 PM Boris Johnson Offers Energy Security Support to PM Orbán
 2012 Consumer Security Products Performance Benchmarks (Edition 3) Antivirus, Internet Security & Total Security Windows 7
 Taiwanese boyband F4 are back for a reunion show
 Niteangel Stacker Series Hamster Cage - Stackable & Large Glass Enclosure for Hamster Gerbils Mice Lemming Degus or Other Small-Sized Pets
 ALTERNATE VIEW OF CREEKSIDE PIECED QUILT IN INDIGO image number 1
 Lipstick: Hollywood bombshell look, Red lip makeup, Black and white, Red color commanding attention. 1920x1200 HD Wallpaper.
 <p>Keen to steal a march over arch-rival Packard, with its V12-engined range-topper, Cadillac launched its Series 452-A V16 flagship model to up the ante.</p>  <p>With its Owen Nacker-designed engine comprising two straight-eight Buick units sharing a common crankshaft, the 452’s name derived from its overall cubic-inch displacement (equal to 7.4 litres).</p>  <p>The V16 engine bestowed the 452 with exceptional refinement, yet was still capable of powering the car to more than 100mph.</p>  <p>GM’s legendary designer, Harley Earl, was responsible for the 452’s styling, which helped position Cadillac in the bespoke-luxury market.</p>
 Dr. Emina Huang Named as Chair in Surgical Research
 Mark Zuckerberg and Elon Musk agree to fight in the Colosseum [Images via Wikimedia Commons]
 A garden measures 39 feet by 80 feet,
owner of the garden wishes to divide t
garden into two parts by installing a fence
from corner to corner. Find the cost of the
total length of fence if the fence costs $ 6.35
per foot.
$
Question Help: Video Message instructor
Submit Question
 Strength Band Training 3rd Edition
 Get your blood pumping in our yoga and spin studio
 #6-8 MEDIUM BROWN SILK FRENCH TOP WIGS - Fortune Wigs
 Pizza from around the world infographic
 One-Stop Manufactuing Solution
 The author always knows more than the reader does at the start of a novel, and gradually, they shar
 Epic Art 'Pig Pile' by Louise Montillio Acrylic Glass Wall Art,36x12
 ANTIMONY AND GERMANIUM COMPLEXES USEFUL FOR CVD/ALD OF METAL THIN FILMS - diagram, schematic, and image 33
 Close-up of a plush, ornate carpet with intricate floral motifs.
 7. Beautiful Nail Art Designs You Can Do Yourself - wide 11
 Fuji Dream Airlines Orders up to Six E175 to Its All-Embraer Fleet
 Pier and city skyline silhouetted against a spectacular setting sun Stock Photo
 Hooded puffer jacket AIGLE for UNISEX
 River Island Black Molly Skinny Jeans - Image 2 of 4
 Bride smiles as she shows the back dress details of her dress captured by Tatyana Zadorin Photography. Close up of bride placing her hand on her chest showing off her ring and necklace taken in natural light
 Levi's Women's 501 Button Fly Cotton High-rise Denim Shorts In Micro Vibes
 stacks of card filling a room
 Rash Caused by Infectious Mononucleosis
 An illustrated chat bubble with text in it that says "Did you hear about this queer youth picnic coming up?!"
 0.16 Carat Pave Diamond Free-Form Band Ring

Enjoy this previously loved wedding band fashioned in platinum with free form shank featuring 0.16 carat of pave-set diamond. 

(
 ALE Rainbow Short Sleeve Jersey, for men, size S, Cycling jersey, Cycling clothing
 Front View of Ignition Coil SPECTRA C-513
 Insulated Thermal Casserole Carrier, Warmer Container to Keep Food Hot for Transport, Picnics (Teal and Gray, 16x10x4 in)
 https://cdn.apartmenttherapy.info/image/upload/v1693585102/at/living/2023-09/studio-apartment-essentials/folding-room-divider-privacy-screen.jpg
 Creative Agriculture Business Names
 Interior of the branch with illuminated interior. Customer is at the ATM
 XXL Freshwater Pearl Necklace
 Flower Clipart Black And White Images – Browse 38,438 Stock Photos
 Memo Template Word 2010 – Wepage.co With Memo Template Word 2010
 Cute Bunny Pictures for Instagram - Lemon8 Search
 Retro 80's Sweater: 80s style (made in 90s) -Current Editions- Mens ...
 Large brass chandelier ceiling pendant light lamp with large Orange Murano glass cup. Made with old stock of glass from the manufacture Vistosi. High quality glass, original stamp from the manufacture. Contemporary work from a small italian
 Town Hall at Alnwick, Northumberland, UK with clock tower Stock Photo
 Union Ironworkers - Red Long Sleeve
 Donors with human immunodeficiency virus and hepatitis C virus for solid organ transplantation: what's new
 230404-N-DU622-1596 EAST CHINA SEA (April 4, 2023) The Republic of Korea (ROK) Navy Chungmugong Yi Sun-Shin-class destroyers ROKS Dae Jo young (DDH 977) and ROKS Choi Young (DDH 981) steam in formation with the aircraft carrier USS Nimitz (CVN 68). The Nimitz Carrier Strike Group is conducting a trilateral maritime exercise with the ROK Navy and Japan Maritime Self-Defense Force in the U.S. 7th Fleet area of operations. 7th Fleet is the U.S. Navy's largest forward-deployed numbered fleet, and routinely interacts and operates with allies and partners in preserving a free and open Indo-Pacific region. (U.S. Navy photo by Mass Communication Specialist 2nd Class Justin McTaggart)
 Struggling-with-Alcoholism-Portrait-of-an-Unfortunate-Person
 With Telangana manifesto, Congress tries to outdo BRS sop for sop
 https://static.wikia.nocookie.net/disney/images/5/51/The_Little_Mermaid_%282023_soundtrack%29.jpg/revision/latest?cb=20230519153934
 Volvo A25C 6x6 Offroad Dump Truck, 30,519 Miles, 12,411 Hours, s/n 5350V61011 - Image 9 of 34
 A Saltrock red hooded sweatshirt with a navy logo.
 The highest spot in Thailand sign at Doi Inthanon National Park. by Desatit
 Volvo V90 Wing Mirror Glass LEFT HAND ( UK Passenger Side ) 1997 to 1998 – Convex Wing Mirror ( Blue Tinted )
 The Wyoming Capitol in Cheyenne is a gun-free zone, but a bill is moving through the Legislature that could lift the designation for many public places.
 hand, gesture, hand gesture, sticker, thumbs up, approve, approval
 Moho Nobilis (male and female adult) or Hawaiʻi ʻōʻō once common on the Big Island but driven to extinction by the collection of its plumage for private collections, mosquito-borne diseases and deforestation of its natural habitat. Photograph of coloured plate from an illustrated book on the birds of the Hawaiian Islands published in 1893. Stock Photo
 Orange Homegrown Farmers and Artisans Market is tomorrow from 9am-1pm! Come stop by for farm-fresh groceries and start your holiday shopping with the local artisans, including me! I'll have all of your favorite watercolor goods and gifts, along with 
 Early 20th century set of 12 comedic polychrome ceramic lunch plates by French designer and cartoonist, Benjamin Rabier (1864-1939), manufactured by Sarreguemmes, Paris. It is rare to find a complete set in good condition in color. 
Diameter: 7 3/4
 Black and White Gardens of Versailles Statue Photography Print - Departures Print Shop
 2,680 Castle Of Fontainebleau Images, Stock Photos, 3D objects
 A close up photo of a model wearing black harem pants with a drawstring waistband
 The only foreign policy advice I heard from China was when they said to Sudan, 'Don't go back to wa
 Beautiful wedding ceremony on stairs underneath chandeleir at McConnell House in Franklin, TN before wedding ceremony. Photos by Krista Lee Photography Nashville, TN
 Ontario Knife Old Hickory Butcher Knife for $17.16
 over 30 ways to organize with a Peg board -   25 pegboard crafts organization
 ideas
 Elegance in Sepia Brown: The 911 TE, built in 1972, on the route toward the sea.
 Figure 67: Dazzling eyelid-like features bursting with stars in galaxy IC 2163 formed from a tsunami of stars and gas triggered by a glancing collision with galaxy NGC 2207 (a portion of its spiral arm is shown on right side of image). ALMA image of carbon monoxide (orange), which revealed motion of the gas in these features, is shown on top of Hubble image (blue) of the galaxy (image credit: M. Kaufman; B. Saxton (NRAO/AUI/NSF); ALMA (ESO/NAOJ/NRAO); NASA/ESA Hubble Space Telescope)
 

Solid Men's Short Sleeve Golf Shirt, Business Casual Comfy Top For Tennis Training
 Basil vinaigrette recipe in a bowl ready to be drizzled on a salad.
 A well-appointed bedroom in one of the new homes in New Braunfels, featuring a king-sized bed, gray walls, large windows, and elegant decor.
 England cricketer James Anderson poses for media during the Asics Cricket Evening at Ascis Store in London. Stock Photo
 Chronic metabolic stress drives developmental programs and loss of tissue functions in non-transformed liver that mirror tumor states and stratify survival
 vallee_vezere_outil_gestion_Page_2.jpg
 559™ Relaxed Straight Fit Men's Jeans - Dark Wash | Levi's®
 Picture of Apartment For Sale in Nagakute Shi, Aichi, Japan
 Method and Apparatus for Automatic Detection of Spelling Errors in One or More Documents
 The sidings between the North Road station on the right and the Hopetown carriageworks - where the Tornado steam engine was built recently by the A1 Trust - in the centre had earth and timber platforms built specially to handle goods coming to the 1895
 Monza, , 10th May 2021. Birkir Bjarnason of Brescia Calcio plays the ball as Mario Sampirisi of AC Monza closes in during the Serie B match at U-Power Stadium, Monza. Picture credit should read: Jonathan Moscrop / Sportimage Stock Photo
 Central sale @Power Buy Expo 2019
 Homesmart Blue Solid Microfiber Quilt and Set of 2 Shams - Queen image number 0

Your assignment
Every line above that holds the string "Series" should be copied out.

Expected output
 Niteangel Stacker Series Hamster Cage - Stackable & Large Glass Enclosure for Hamster Gerbils Mice Lemming Degus or Other Small-Sized Pets
 <p>Keen to steal a march over arch-rival Packard, with its V12-engined range-topper, Cadillac launched its Series 452-A V16 flagship model to up the ante.</p>  <p>With its Owen Nacker-designed engine comprising two straight-eight Buick units sharing a common crankshaft, the 452’s name derived from its overall cubic-inch displacement (equal to 7.4 litres).</p>  <p>The V16 engine bestowed the 452 with exceptional refinement, yet was still capable of powering the car to more than 100mph.</p>  <p>GM’s legendary designer, Harley Earl, was responsible for the 452’s styling, which helped position Cadillac in the bespoke-luxury market.</p>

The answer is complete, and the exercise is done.